Yes, I mentioned that above... but I'm not going to do that at every call to the CRT or the OS. I know perfectly well that malloc() won't throw. I'm trying to systematically minimise waste.

On Sat, 24 Aug 2024 at 12:28, Walter Bright via Digitalmars-d < digitalmars-d@puremagic.com> wrote:

> Another approach is to compile the .c file with the -di flag, which will
> translate the C code to D code and emit it into .di file.

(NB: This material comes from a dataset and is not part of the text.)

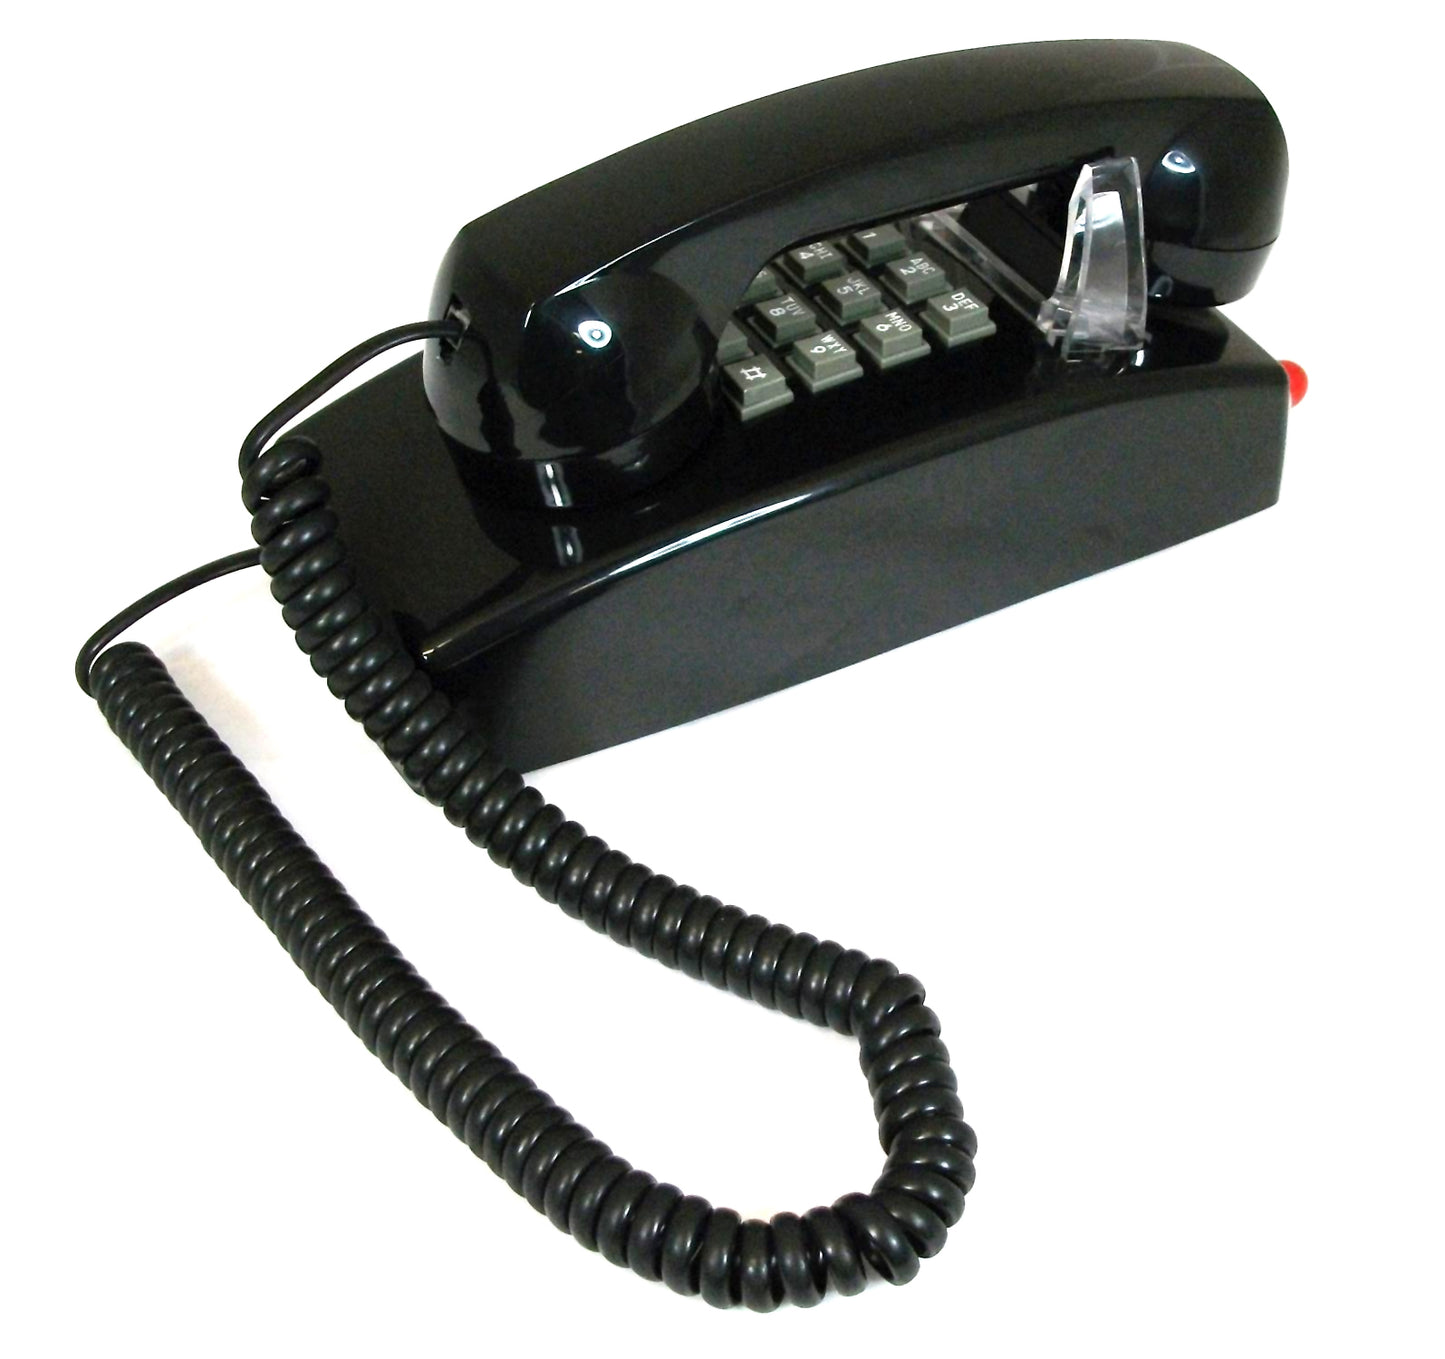 Cortelco 2554-27MD-BK 255400-vba-27md Wall Telephone, Message Waiting
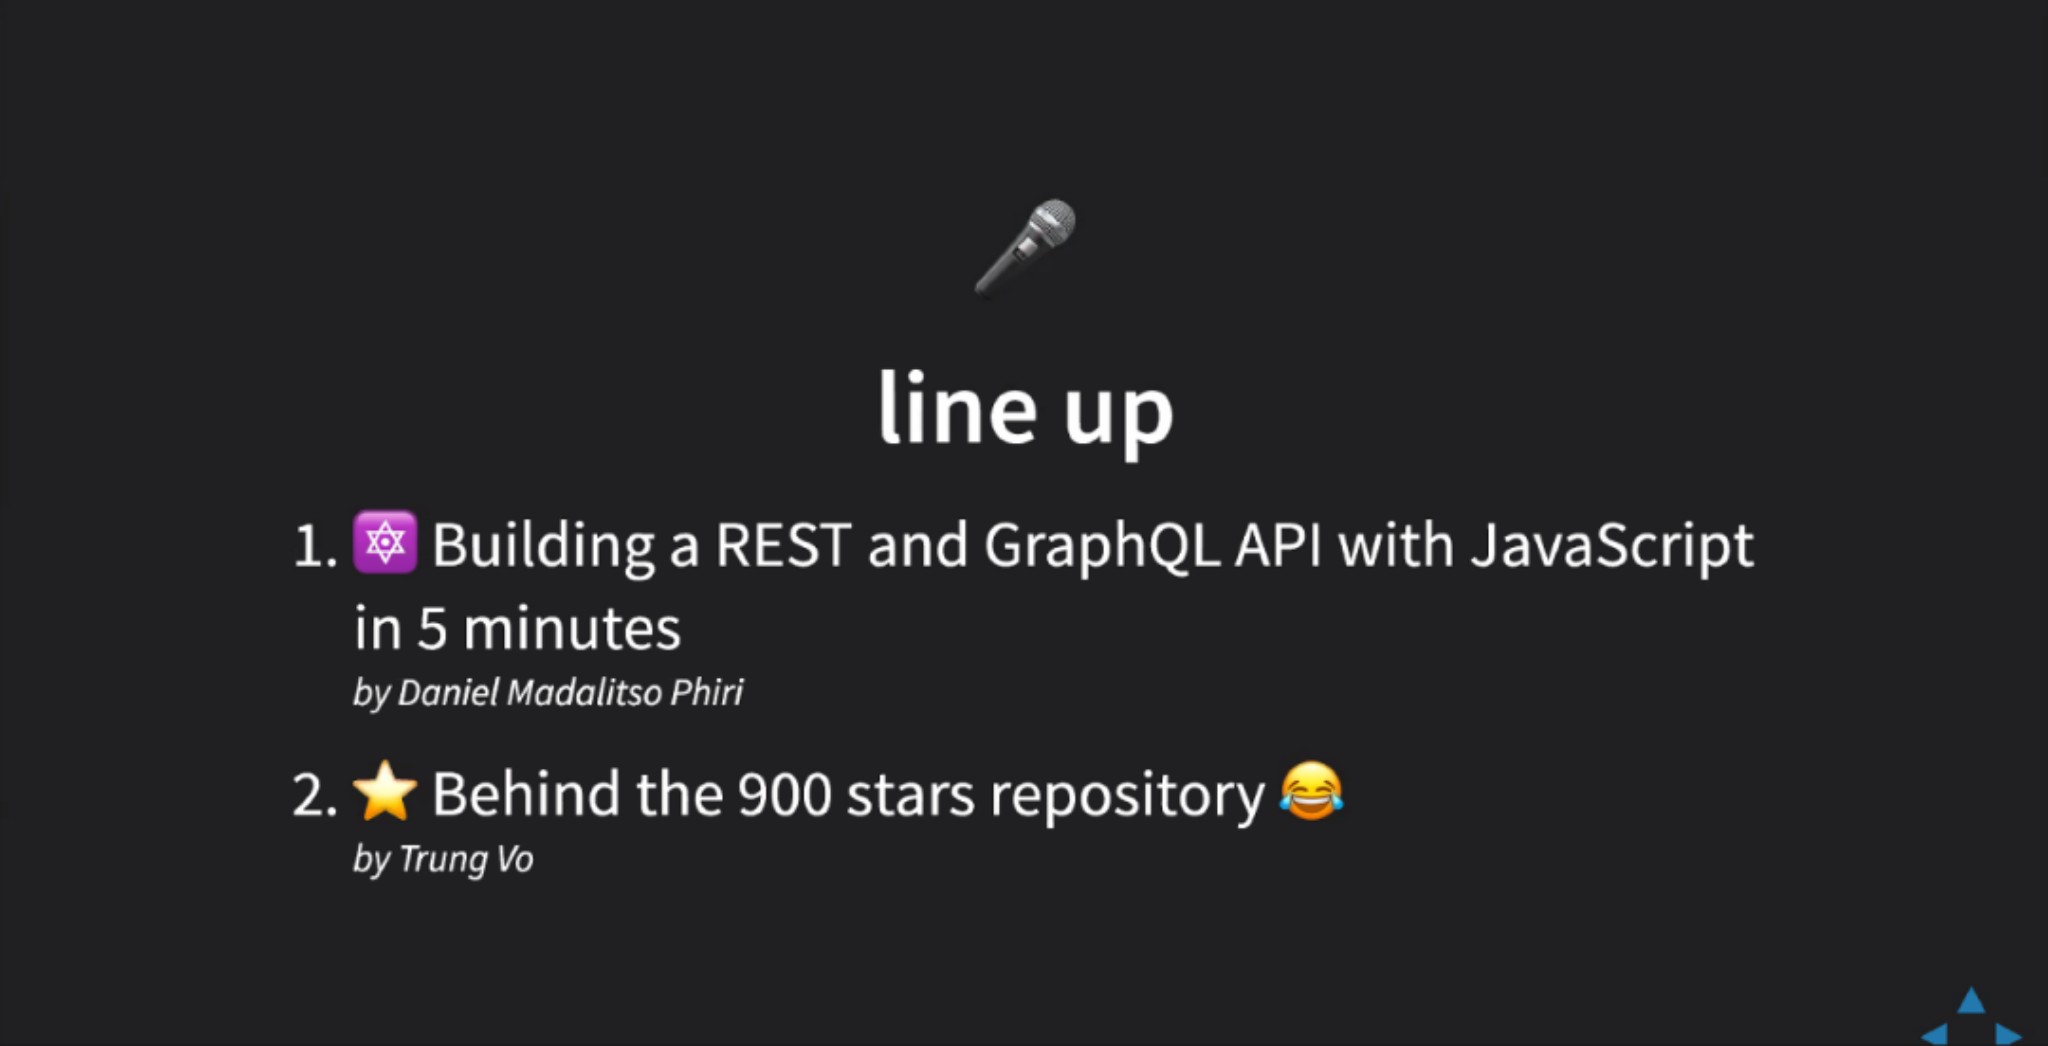 Behind the 900 stars repository

It doesn't do
> this
> perfectly, but usually gets it good enough that any rough edges can be
> edited
> and fixed.
>
> Then you can add @nogc and nothrow.
>

*sigh* ... I'm not going to do that.
ImportC either works, or it doesn't... and it currently doesn't work, and
I'm just going to move on.
By far the easiest and least ridiculous feeling thing can do right now is
to just prototype the occasional C library call inline immediately before
the call, which is what I've moved on with.
Fortunately my call volume is low.

On 25/08/2024 5:10 AM, Manu wrote:
> I might have been inclined to back you on that one... that said though, the real solution to that category of problem is to accept that we need annotated scopes.
> We need to have:
> 
> @trusted {
>    some_code;
> }

I've been considering something along these lines.

Specifically, ``@trusted`` does not mean the entire body shouldn't be verified. It just means that you are going to do something naughty that needs looking at.

So you need annotated scopes inside of it, to do the naughty thing.